## Exercise prompt
The exercise calls for exact output of the lines between the one that contains "LONDRES, REINO UNIDO." and the end of the data, with both ends kept and pictures left out.

## Supplied information
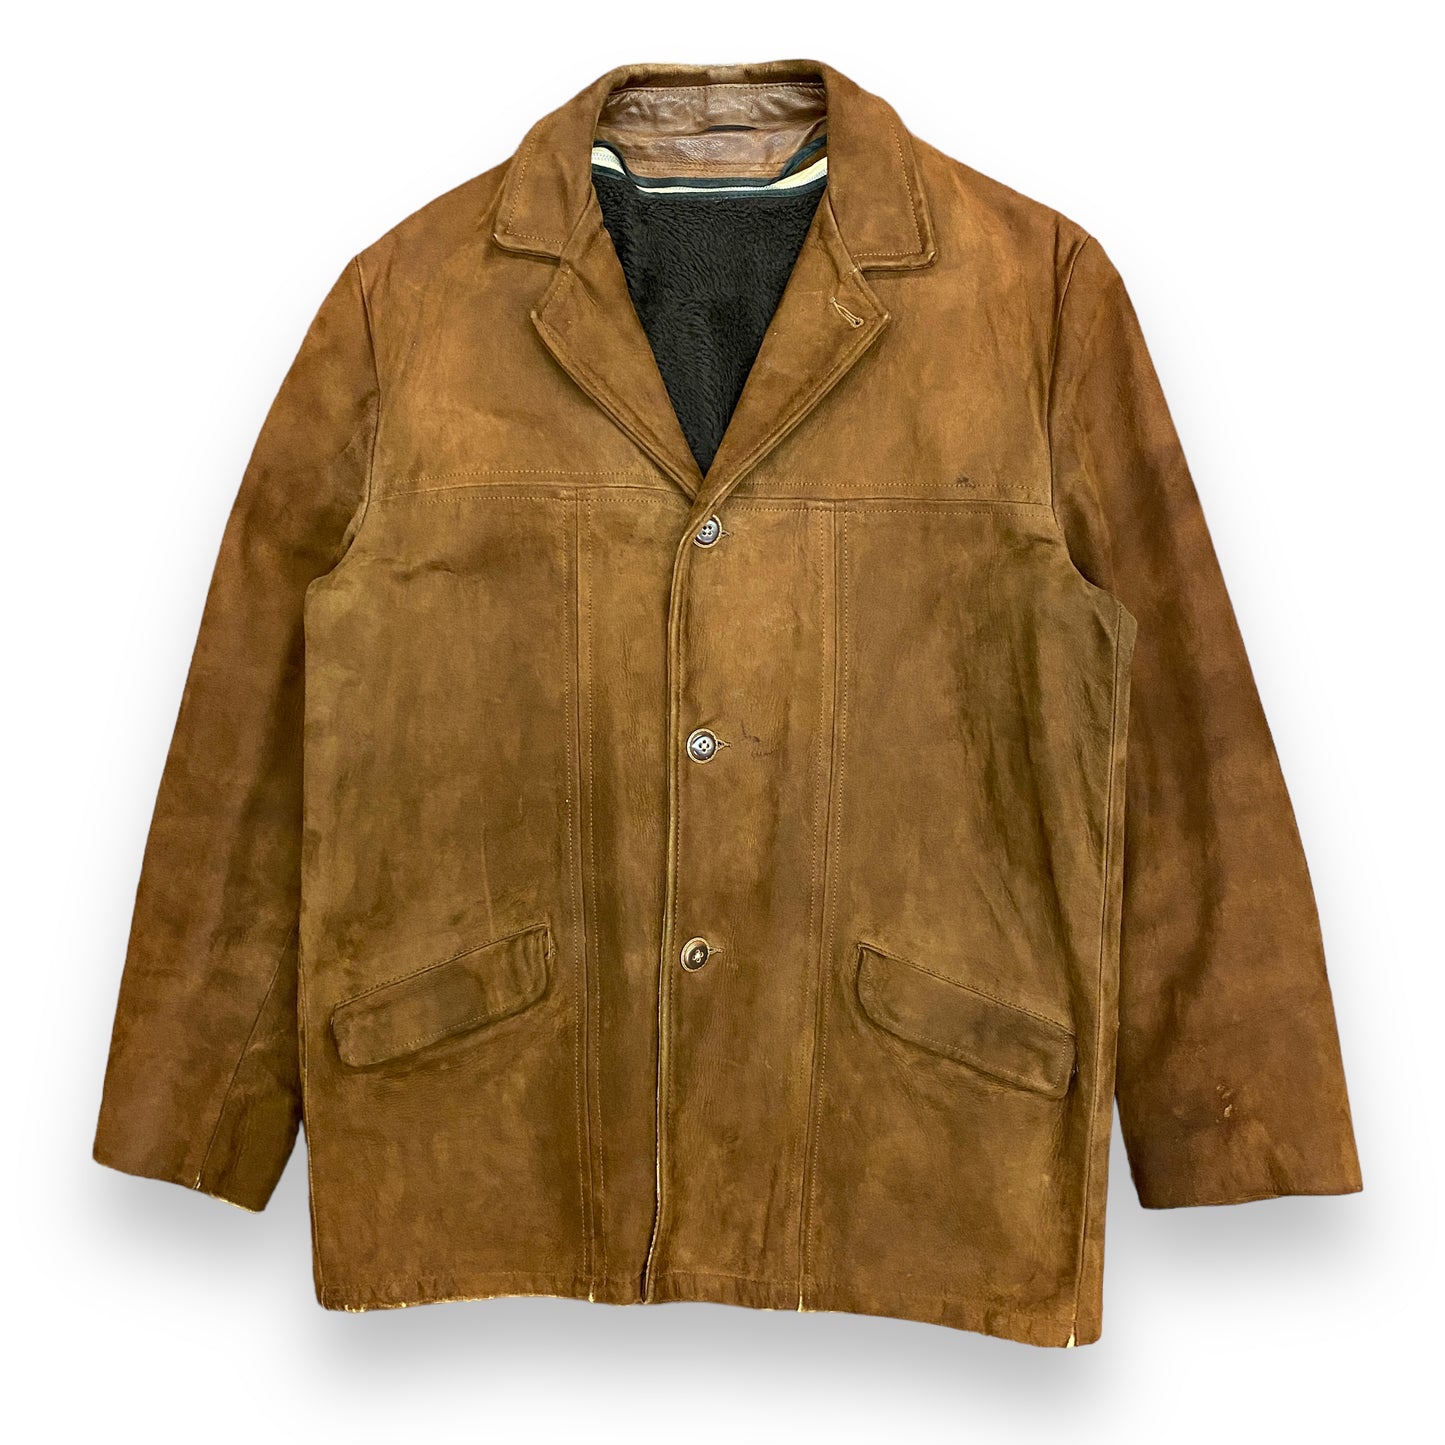 1970s William Barry Brown Suede Fleece Lined Coat - Size 40 (Medium)
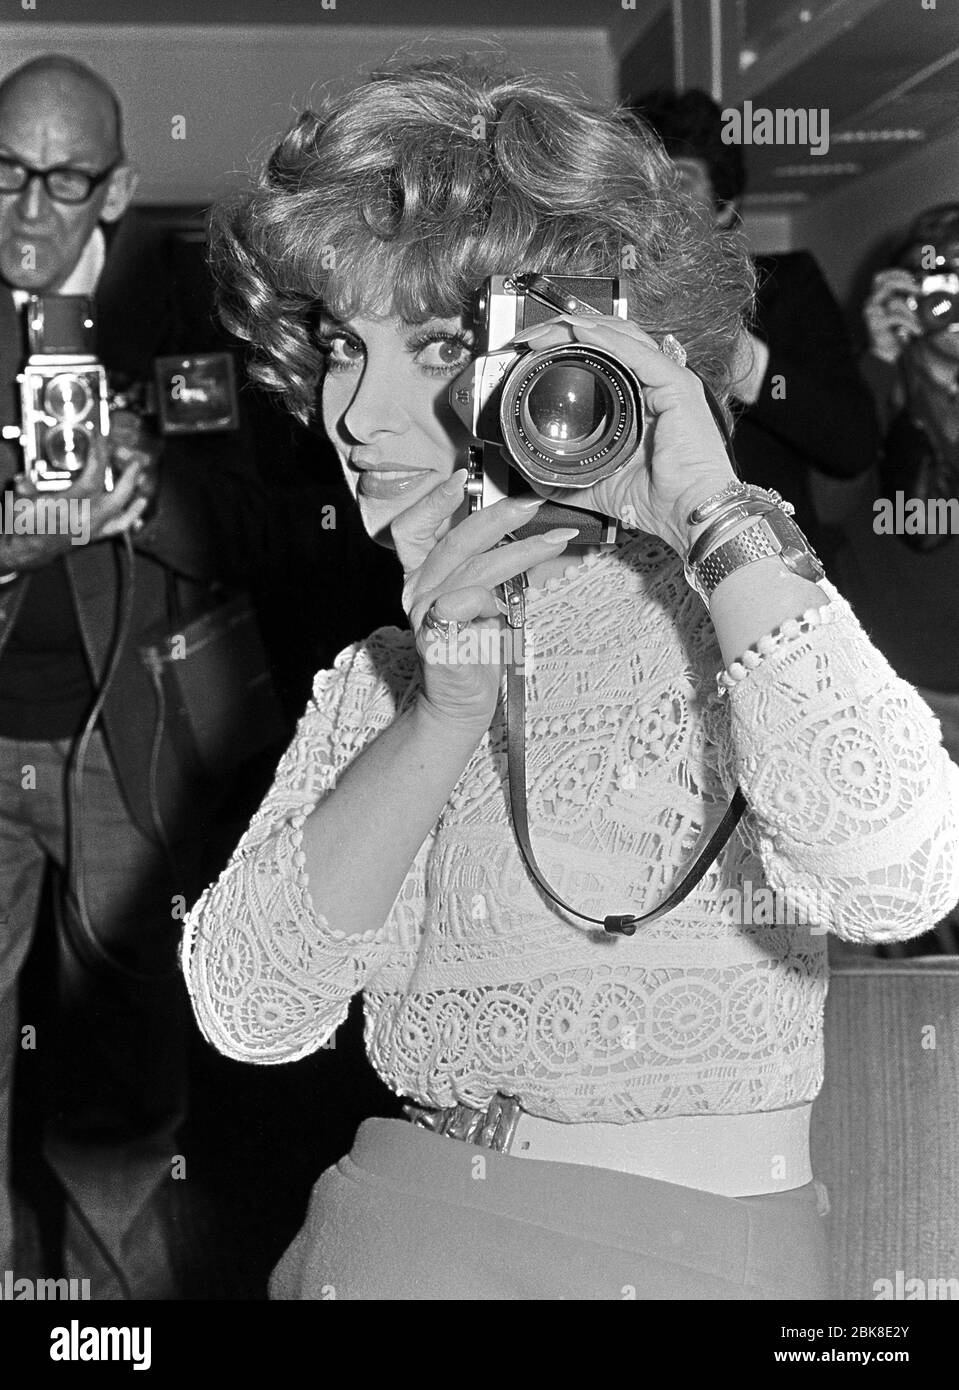 LONDRES, REINO UNIDO. Septiembre 1974: La actriz italiana Gina Lollobrigida promueve su libro de fotografía 'Italia Mia' en Londres. Archivo de la foto © Paul Smith/Featurreflash Foto de stock
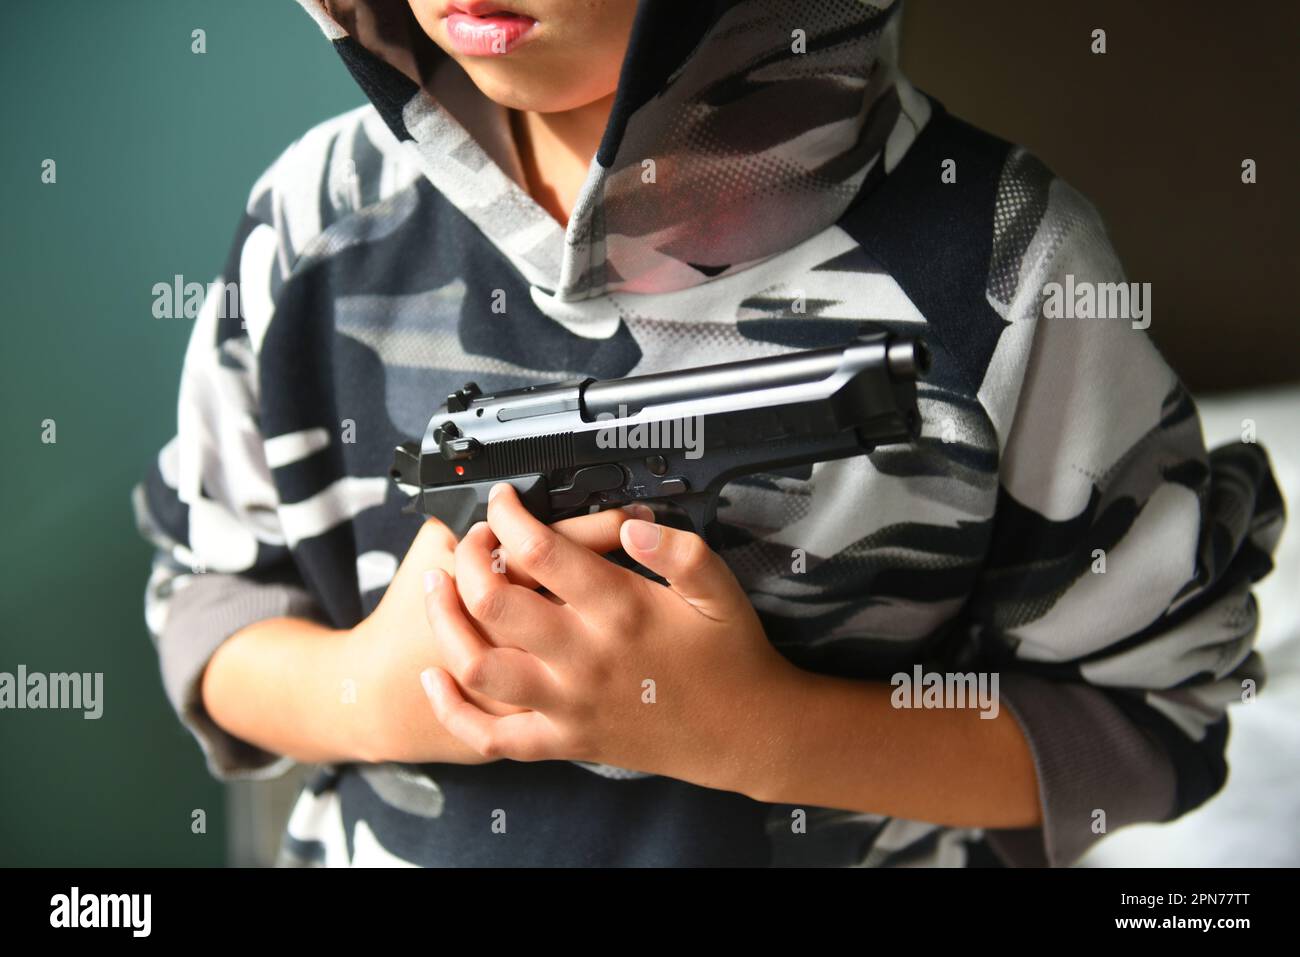 Child gun crime Stock Photo

## Answer box
 LONDRES, REINO UNIDO. Septiembre 1974: La actriz italiana Gina Lollobrigida promueve su libro de fotografía 'Italia Mia' en Londres. Archivo de la foto © Paul Smith/Featurreflash Foto de stock
 Child gun crime Stock Photo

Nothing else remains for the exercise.